Однажды у Виктора случился сердечный приступ. Проблемы с клапаном, месяц в больнице. Звонил Марии, рыдал: «Не хочу больше. Понимаю, что натворил. И с собой, и с вами». Но через пару дней в палату к нему пришли «друзья», передали запрещённые вещества. И всё началось снова.
— Вот в чём ужас: они тянут друг друга на дно. Им недостаточно сгорать самим — они хотят, чтобы горели все вокруг, — говорит Мария.
Виктор отказывался ехать в реабилитационный центр. А когда близкие его почти уговорили, центр ответил отказом: «Солевые наркоманы не лечатся».
Сама Мария давно живёт в Петербурге. Всё, что она знает о происходящем в доме, — из маминых звонков и сообщений.
Пять лет назад отец Марии умер от рака. Через неделю после похорон Виктор вынес из дома всё золото, включая обручальные кольца родителей. Пропала коллекция монет отца, доллары, которые тот годами откладывал.
— Мама прятала телефон и кошелёк каждый раз после работы в школе. Деньги исчезали — она не понимала, куда. Я её уговорила написать заявление. Телефон изъяли, проверили — выяснилось, это он сам себе перевёл. Но мама всё равно его защищала. Он умел: «Мамочка, я тебя люблю, я больше не буду» — и она верила.
Сначала были странности: казалось, что кто-то ходит вокруг дома. Выбегал на улицу с криком днём и ночью. Потом у мужчины началась паранойя. Ему казалось, что все в доме занимаются сексом. Включая мать. Он мог стоять у её кровати всю ночь — слушать и смотреть, как она спит.
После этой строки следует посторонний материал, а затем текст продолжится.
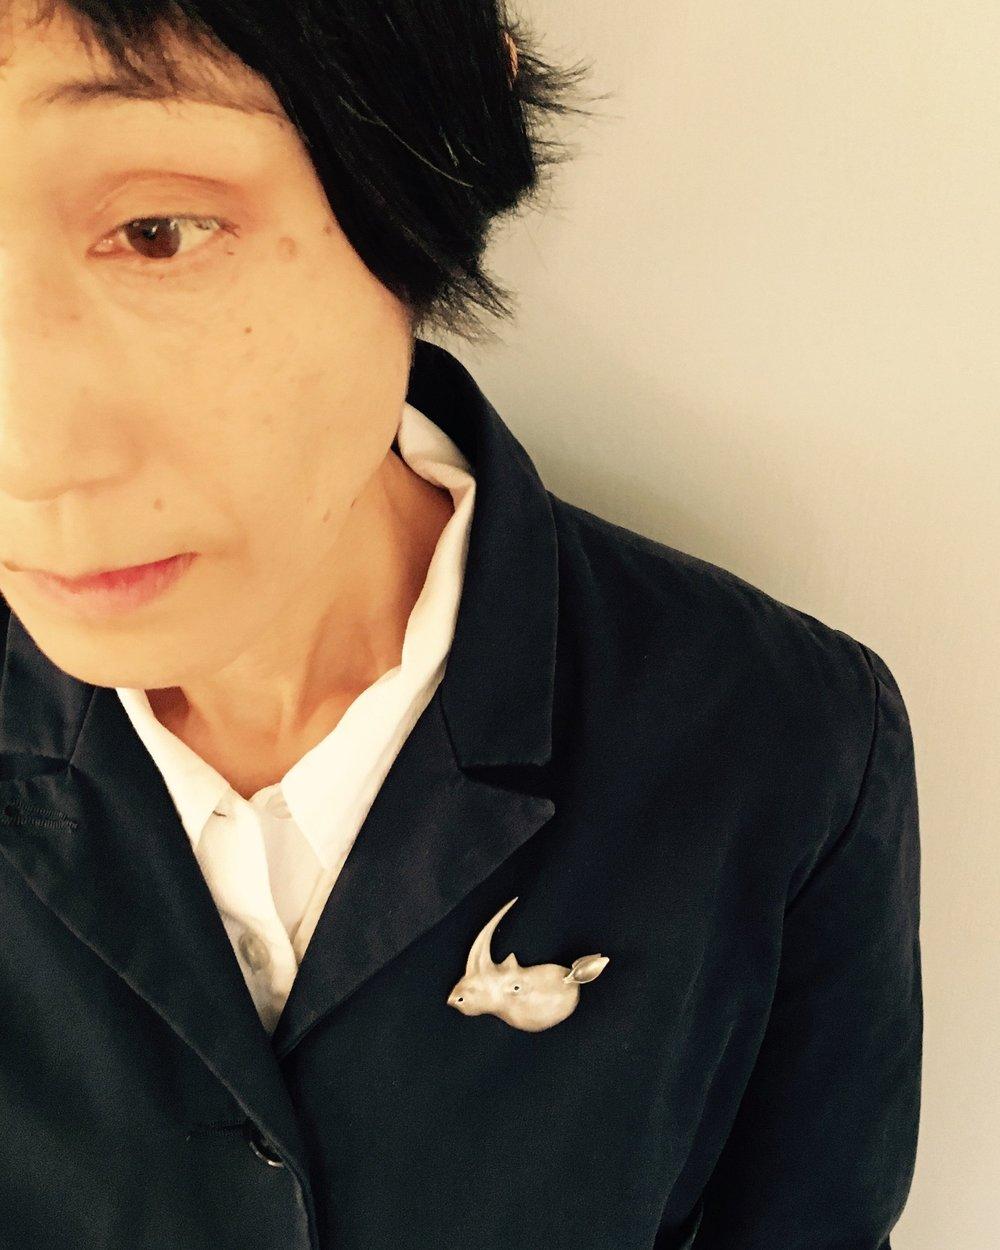 Rie wearing'My Horn is No Medicine: Rhino Head' brooch in silver, enamel paint, stainless steel pin size 44×39×10mmm

— Я приехала к маме. Прошло два дня, и мне уже хотелось уехать. Там такая тишина, ночь, частный сектор. Среди ночи просыпаюсь, открываю глаза — он стоит надо мной. Просто стоит и смотрит. В другой раз пылесосил на одном месте в три часа ночи, — говорит Мария.
Чужие люди в родительском доме стали нормой. Мать почти перестала их замечать и старалась не попадаться на глаза, когда к Виктору приходили мужчины.
Мария признается, что никогда не понимала: как её брат продолжает пользоваться вниманием противоположного пола.
«Девушки появлялись разные, но удивительно — все из нормальных семей. Не проститутки, не наркоманки. Хотя в тот мой приезд он выглядел чудовищно: лицо и тело в язвах, кожа да кости, вены вздутые… Кололся уже в член и ноги — руки были изуродованы полностью».
Одна девушка задержалась у Виктора на несколько месяцев. Пока однажды ночью мама не услышала захлопнувшуюся дверь. Сын выгнал возлюбленную без одежды и обуви на улицу.
«Мой выбор — мама, естественно»
— После смерти папы дома начался просто ад, — говорит Мария. — Раньше мама была очень крепкой. Несмотря на постоянные нервы, почти не болела. А теперь ей 67, и всё это — Виктор. Шунтирование сердца, диабет, проблемы со щитовидной железой. Она просто рассыпалась. И очень постарела.
Мама долго держалась. Даже на похоронах мужа она не проронила ни слезинки. А в 2023-м стала плакать постоянно. Виктор разговаривал с ней как с врагом. Иногда Марии казалось: вот-вот ударит. Она жила в другом городе и не могла её защитить.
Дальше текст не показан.